Login via

After Surviving the Apocalypse, I Built a City in Another World novel Chapter 395

Hoskle Village, a month ago

Inside a dilapidated house with leaking roof and whistling walls, a group of oddly-shaped men and women with unusual appearances gathered in a somber atmosphere.

The sound of an alarm echoed across the village.

A territory war was about to happen within 14 hours. The announcement was followed by another, stating that everyone must prepare either themselves or resources to assist the territory.

"Another war?" Baku asked with a frown, his tiger ears perked up, guarded. His large build was tense, his long tail was upright, his mood turbulent at the imminent danger they’d be facing.

Gochi, who was kneeling beside him, sighed and looked at the person lying on the cot.

In his hand were a couple of leaves known to help with wounds.

It was all they could afford.

As he applied both the leaf and the crushed plants on his friend’s festering wounds, the man flinched and frowned, while the others couldn’t bear to look.

The one on the bed was Kuma, a half-bear orc.
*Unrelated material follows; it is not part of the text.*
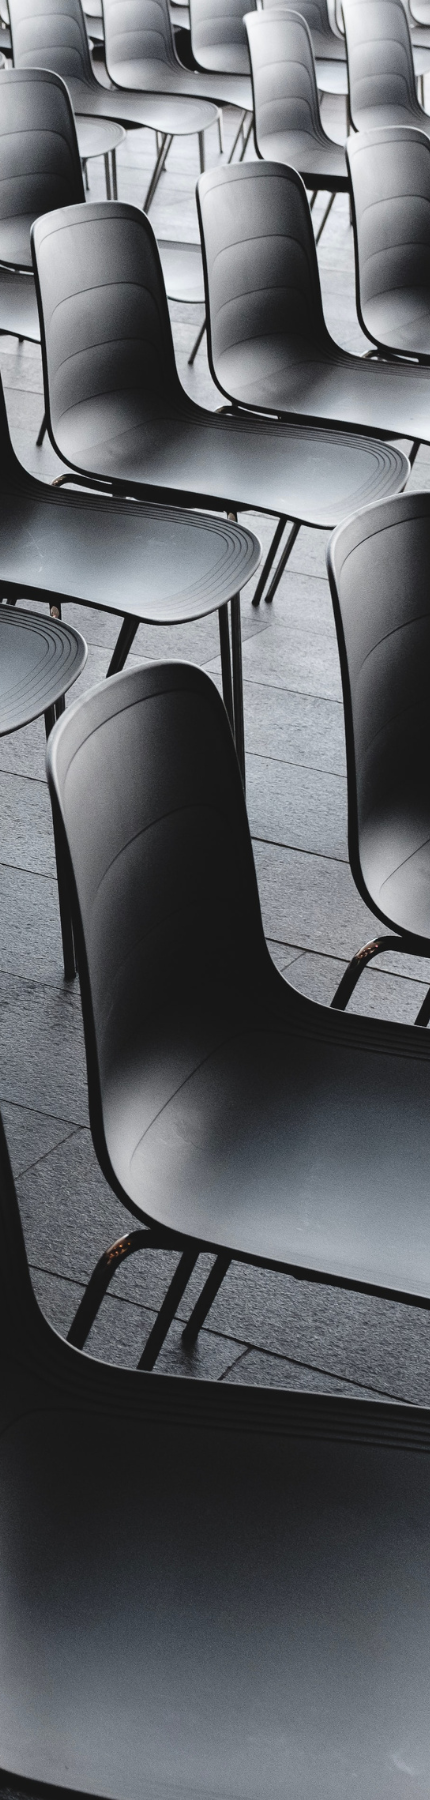 Felt pads to black designer chairs

He was the oldest and the strongest one of them all. He had brown ears and a massive build. Kuma was still suffering from injury since the last war a few weeks prior, which added to the injuries of the wars before that.

Hoskle village was one of those villages that got attacked at least once a month.
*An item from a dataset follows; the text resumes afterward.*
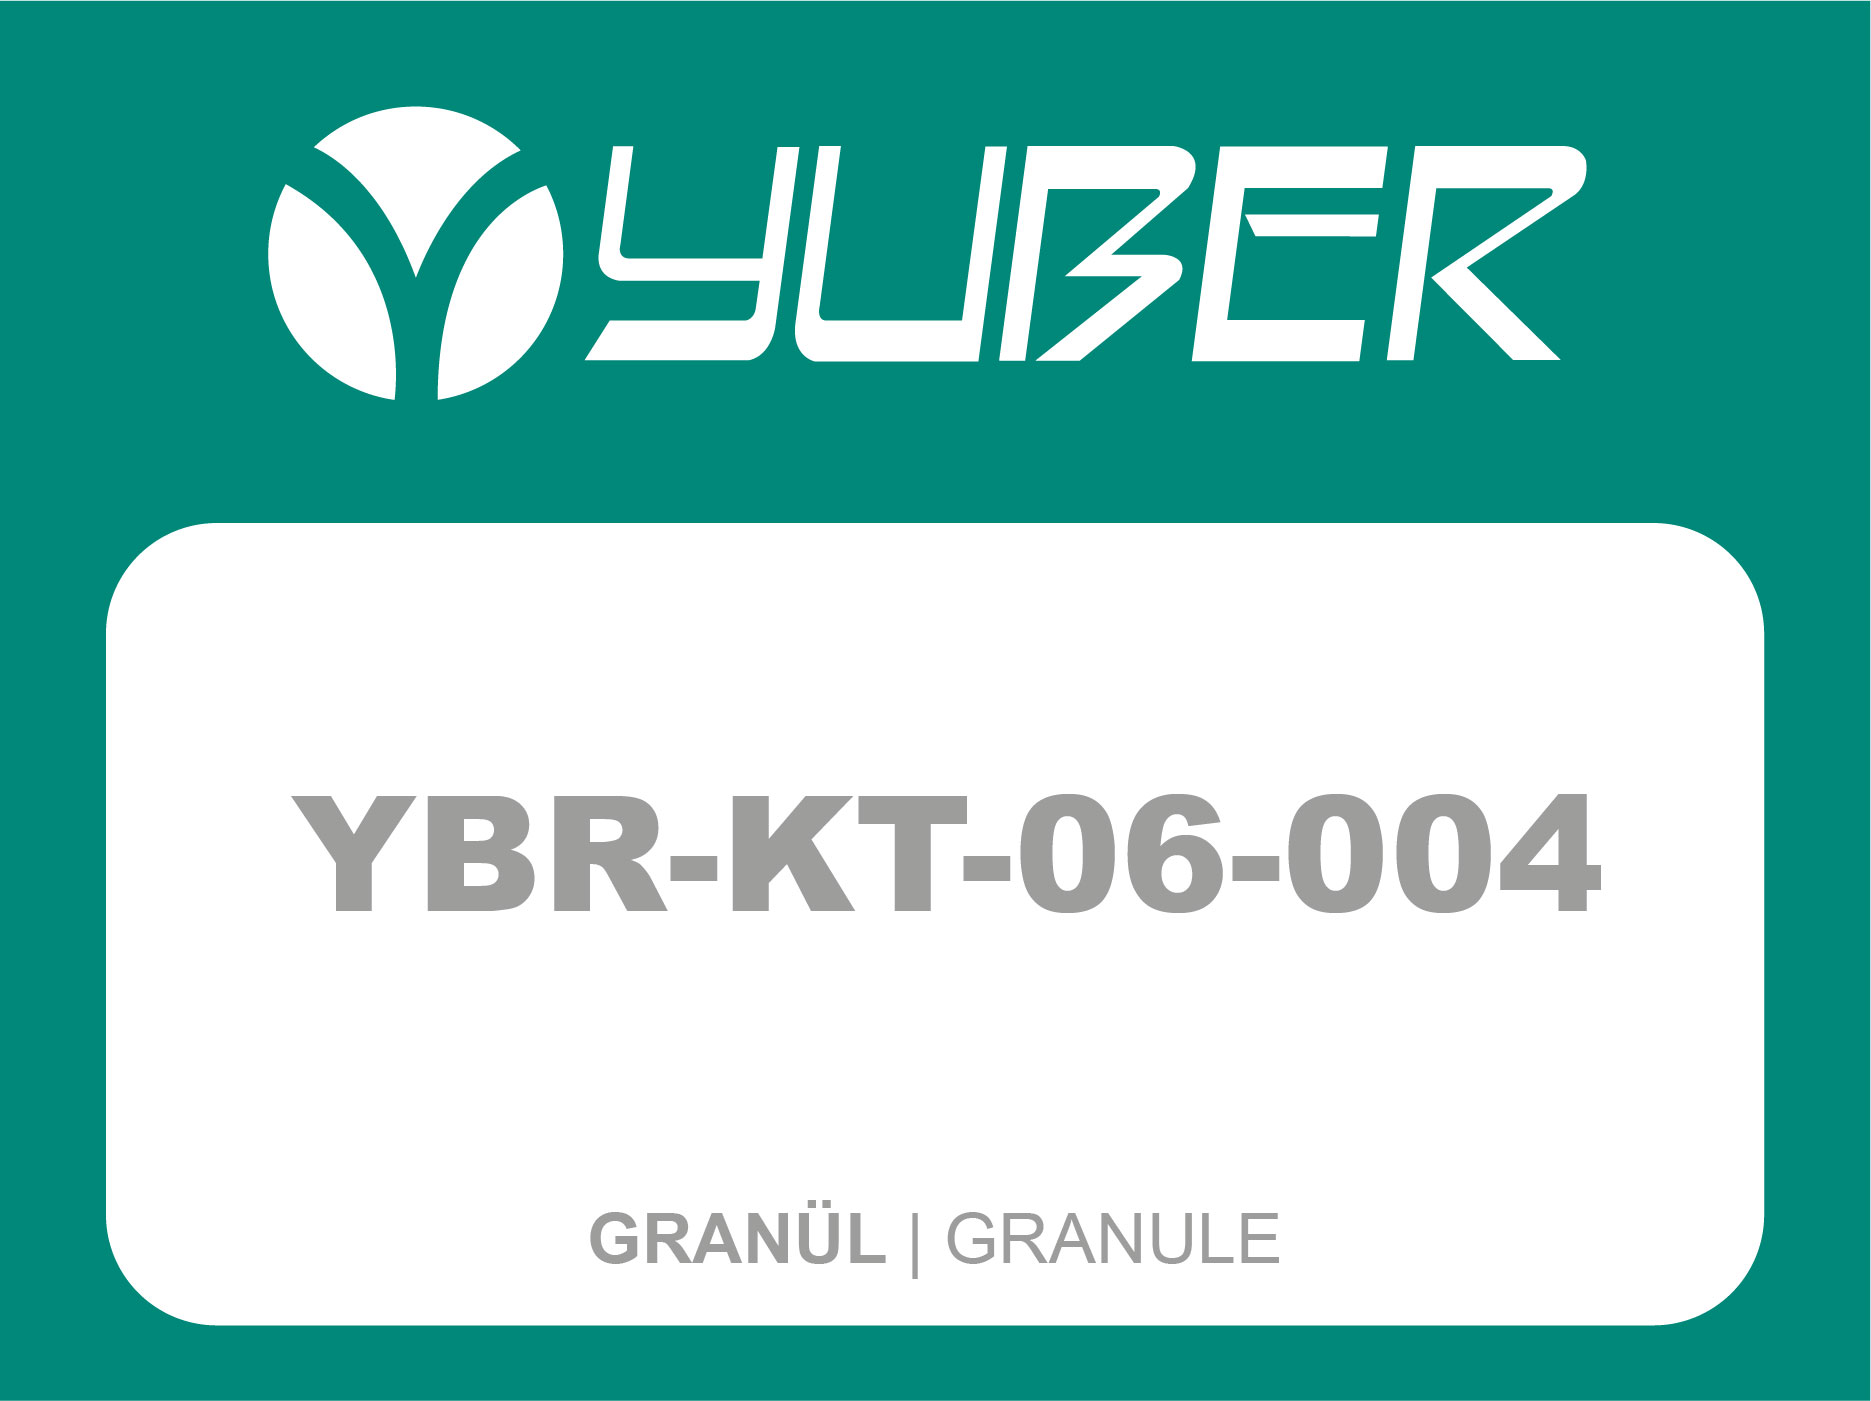 YBR KT 06 004 Granule Yuber Metallurgy

It could be against either humans or orcs but, fortunately, Hoskel had enough background to supply them with professionals to defend the village.

Further, some other allied territories would occasionally send support because Hoskle served as a shield between the human and the orc territory.
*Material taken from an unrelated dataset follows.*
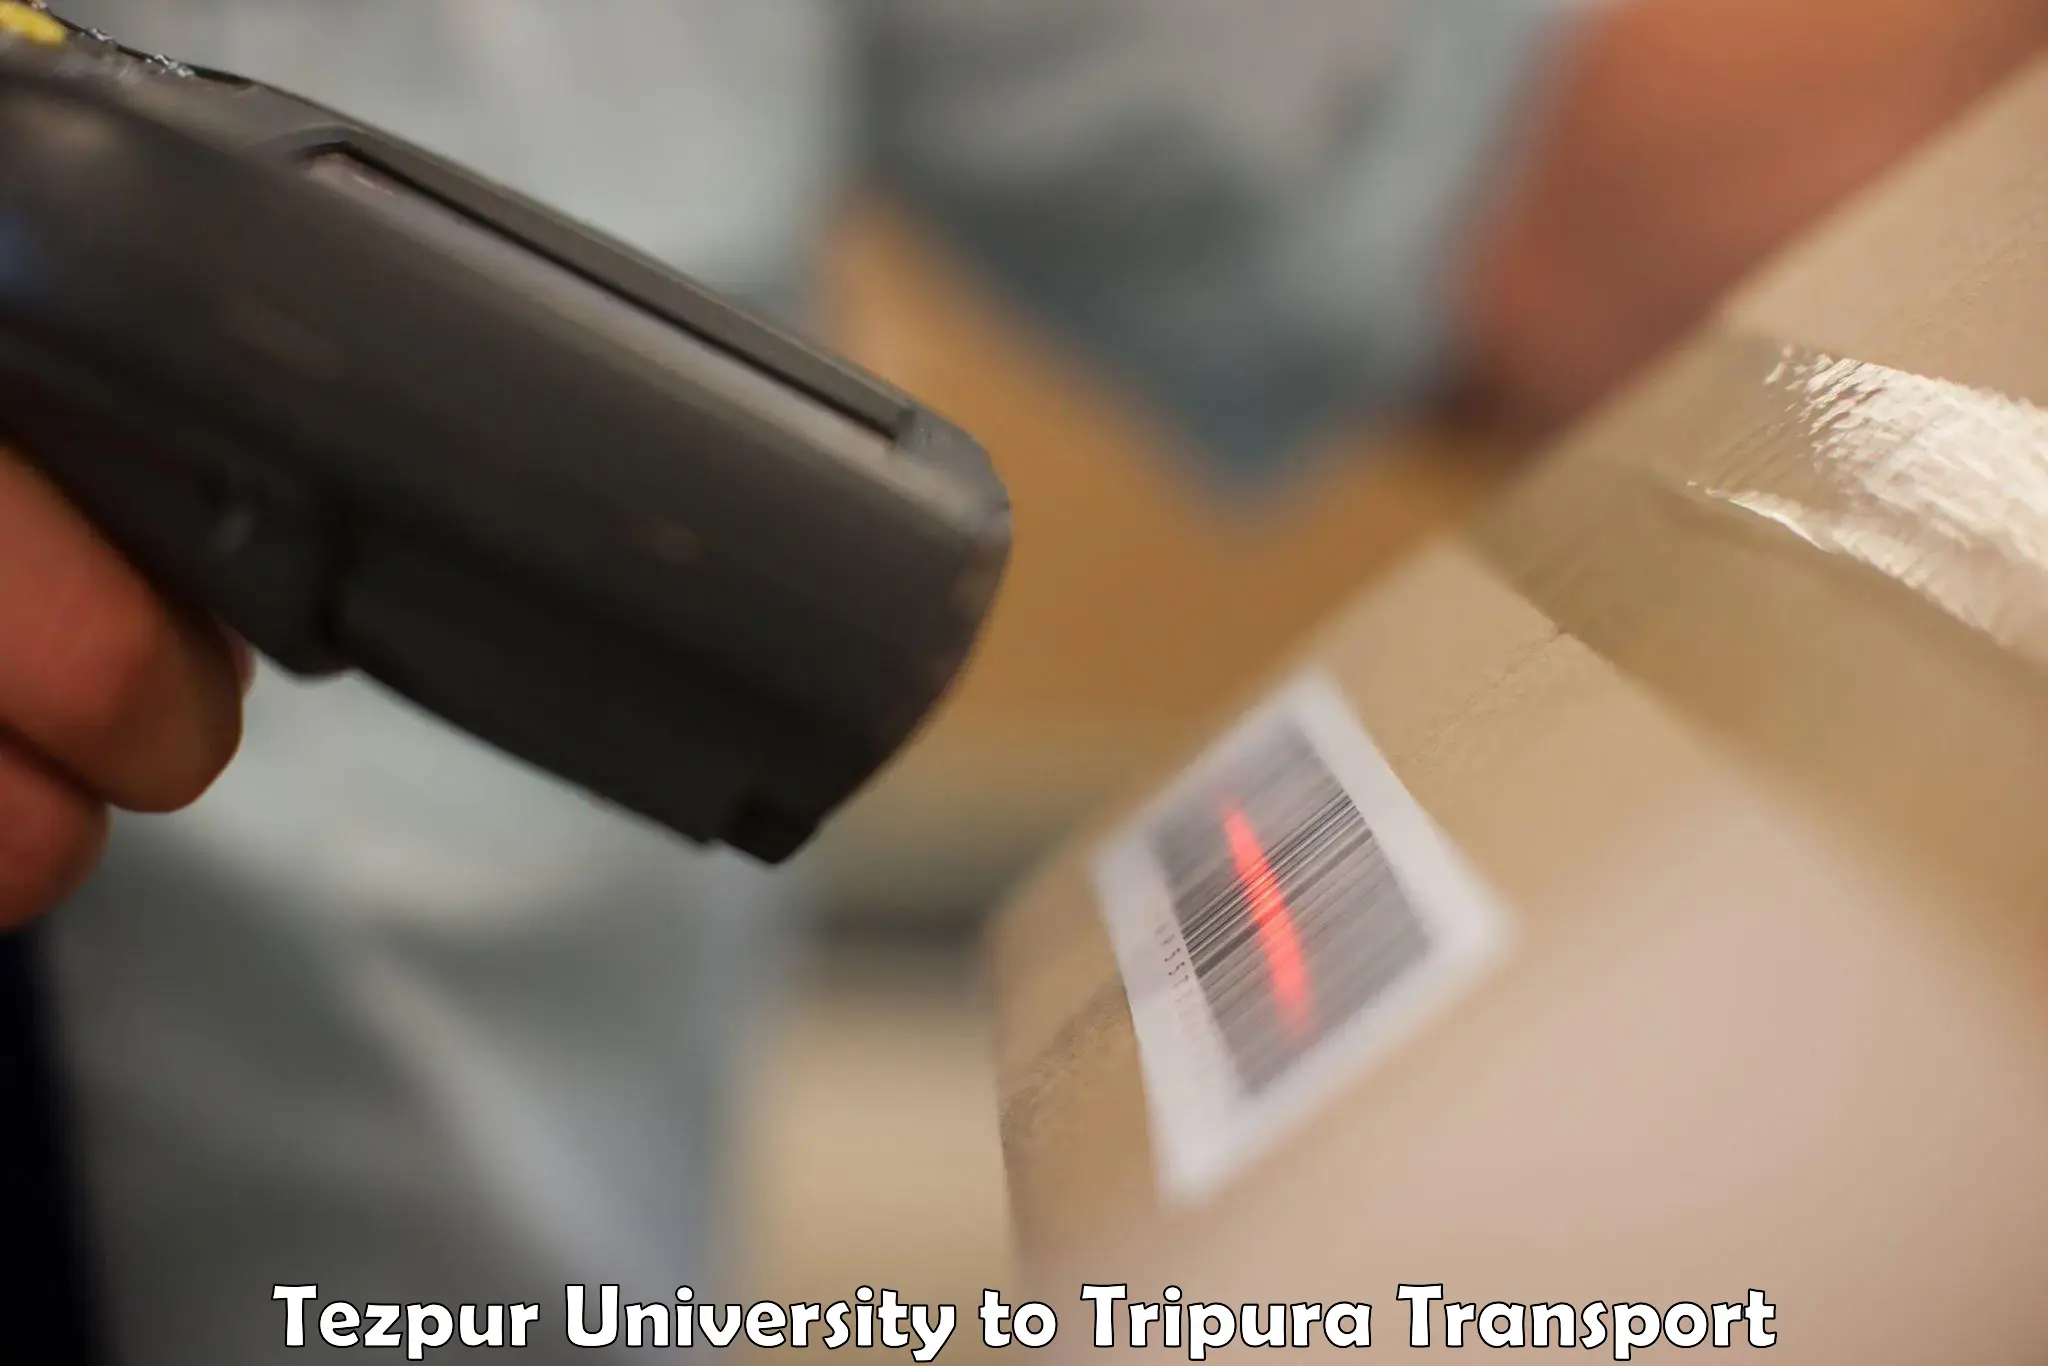 Delivery service Tezpur University to Amarpur

This also meant… that a lot of citizens died every month.

No, not just ’a lot’, as the deaths often came in hundreds. It was fortunate the decomposition of corpses outside the walls was fast, otherwise the smell of rotting corpses would stink for miles.

And… several territories often sold people they didn’t like to Hoskle to keep up with the population, so they never ran out… of shields.

Since they were won as spoils in a war ten years ago, this was all they knew what to do: to be shields.

In that war, Hoskle’s enemy was an orc territory. This was a notorious neighbouring orc village that had taken down several human settlements and several nearby territories sent assistance to finally get rid of it.

After a bloody war, the orc territory perished, and the orcs either died or fled deeper into orc region.

They, little half-orcs, were taken in by Hoskle as spoils of war. Less than half managed to be kept in Hoskle, while the others were taken by other territories to sell.

They could still remember the greedy faces of the humans as they looked at them. They had been so scared—it was almost as scary as when they were in the Orc territory, threatened by bullies that they’d eat them someday.

To be honest, they didn’t really feel too sad after becoming slaves in the human territory. Life wasn’t easy in the orc territory, especially for half-bloods.

They had to forage for their own food as soon as they could crawl, they had to endure whatever nature threw at them with bare skin, and… they were never welcome.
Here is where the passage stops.